Amplifier 14 is used for analog processing of measured acoustical
signals and for suppression of acoustical and other noises. Circuit
22 is used for filtering and impedance matching of processed
signals emitted from amplifier 14 with the light source 8, through
circuit 16.
[0016] A possible modification of phantom power optical microphone
system 2 is shown in FIG. 2, in which circuit 16 is shown to be
composed of one or more resistors 28. In this embodiment, the
output of circuit 20 is connected directly to the input of terminal
18 and resistor input 26, and the output of circuit 22 is connected
directly to the light source 8.
[0017] A further possible embodiment of a phantom power optical
microphone system 2 is shown in FIG. 3, wherein circuit 16 is
constituted by a transistor 30. Accordingly, the output of circuit
20 is connected through capacitor 32 to the base of transistor 30,
which amplifies the output signal of amplifier 12 if the resistor
input 26 requires an increase in input signal power.
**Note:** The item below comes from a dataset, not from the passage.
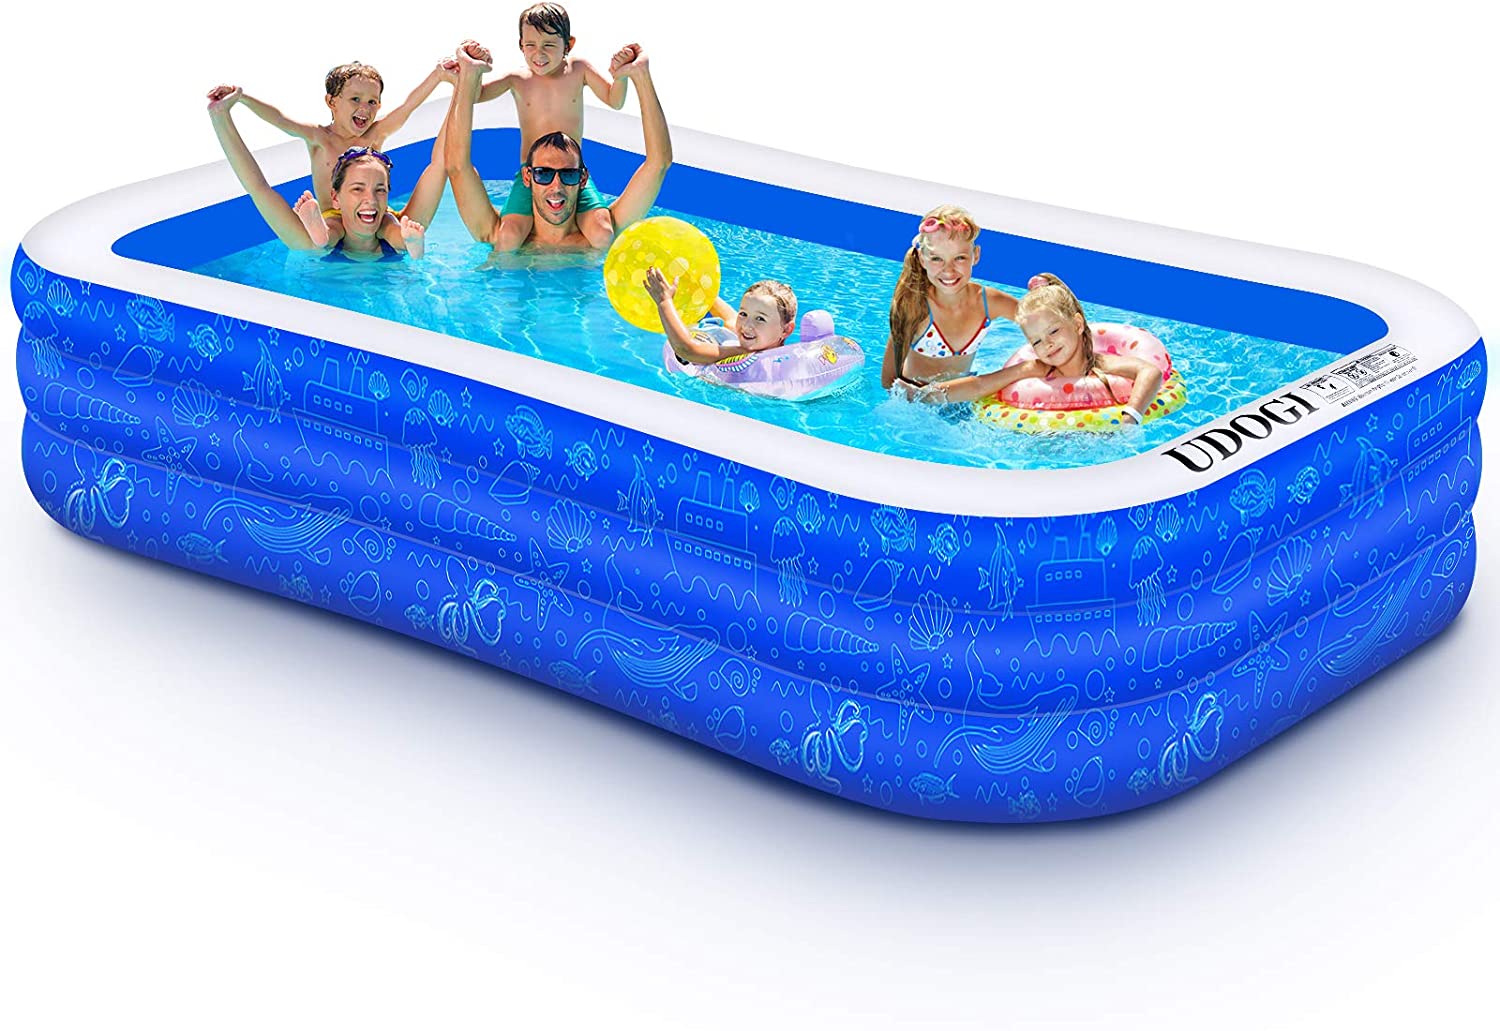 Adults No Filter iWINTOP 【FedEx Arrives Within 6-8 Days】 10 FT Family Swimming Pools Above Ground for Backyard/Outside Portable Inflatable Top Ring Swimming Pools for 2-6 Kids 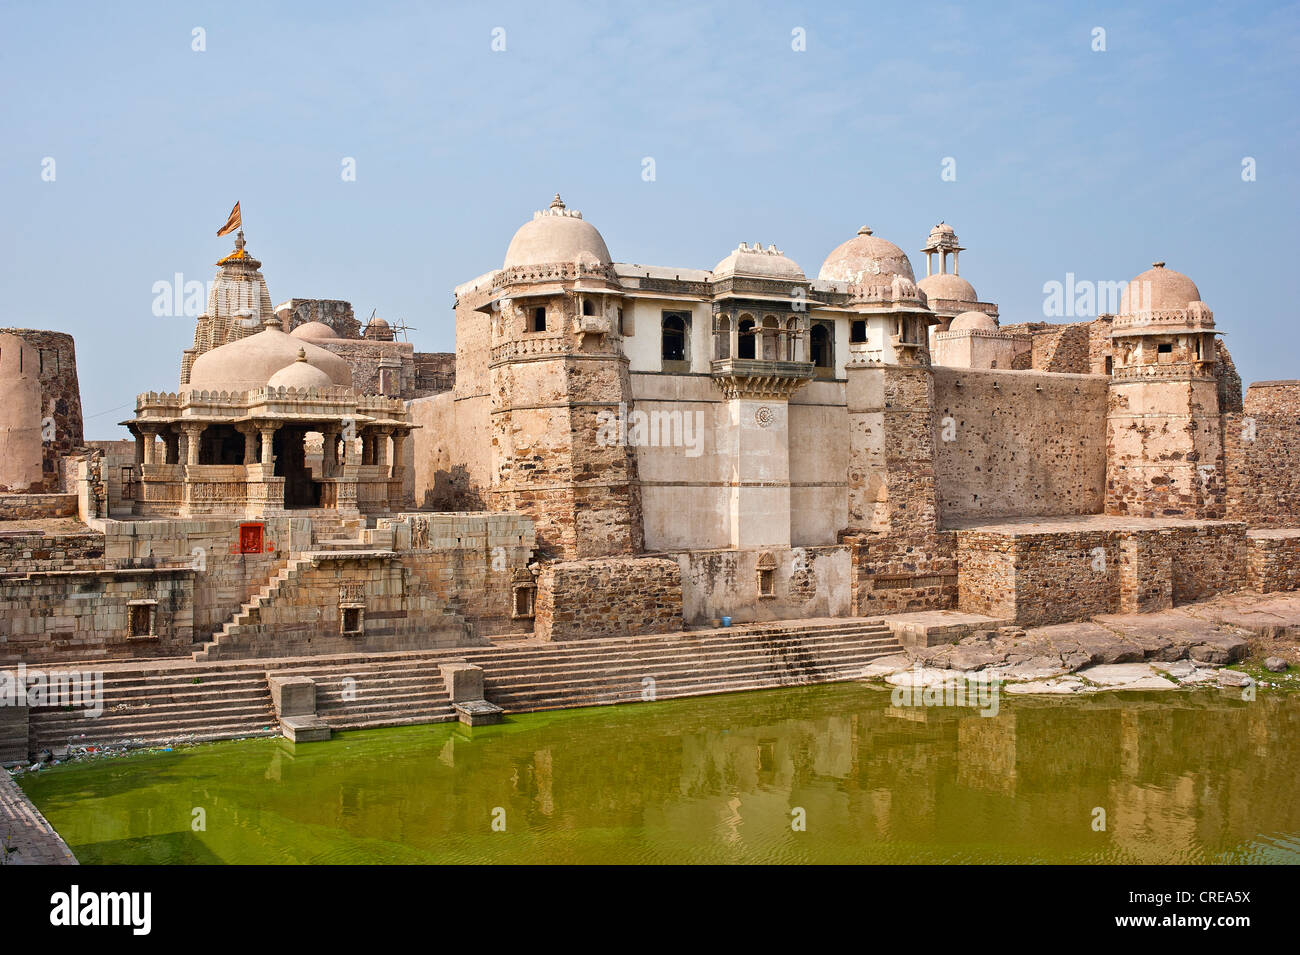 Ancient palace with an artificial lake, Chittorgarh Fort, Rajasthan, India, Asia Stock Photo

[0018] FIG. 4 illustrates details of circuit 20, for matching and
filtering the output signal from amplifier 12 with the input
terminal 18 and resistor input 26. Circuit 20 is composed of
resistors 36, 38 and capacitors 40, 42, 44. Circuit 20 acts as a
filter and, at the same time, effects the matching of output
signals from amplifier 12 with the terminal 18 and resistor input
26.
[0019] A further embodiment of the present invention is shown in
FIG. 5. Here, the circuit 20 (FIG. 1) is replaced by an amplifier
46, the task of which is to amplify the output signal from
amplifier 12 and match it with the input requirements of the
resistor input 26. Contrary to the embodiment of FIG. 3, where the
transistor 30 plays the role of an amplifier but may at the same
time influence the light source 8, in the embodiment of FIG. 5,
amplifier 46 does not influence the light source at all.
[0020] In FIG. 6, the circuit 22 (FIG. 1) is made as a filter 48,
including resistors 50, 52 and capacitors 54, 56. Filter 48 is used
for filtration and matching of the output signal from processing
amplifier 14 with circuit 16. This embodiment is the simplest
realization of circuit 22.
[0021] Referring now to FIG. 7, circuit 22 (FIG. 1) is constituted
by an amplifier 58 that is used for amplification of the output
signal from processing amplifier 14, filtering and matching it with
circuit 16, embodied, e.g., by a resistor 28. This embodiment is
especially effective when there is a need to suppress very strong
acoustical noises, such as those made by trucks, planes, etc.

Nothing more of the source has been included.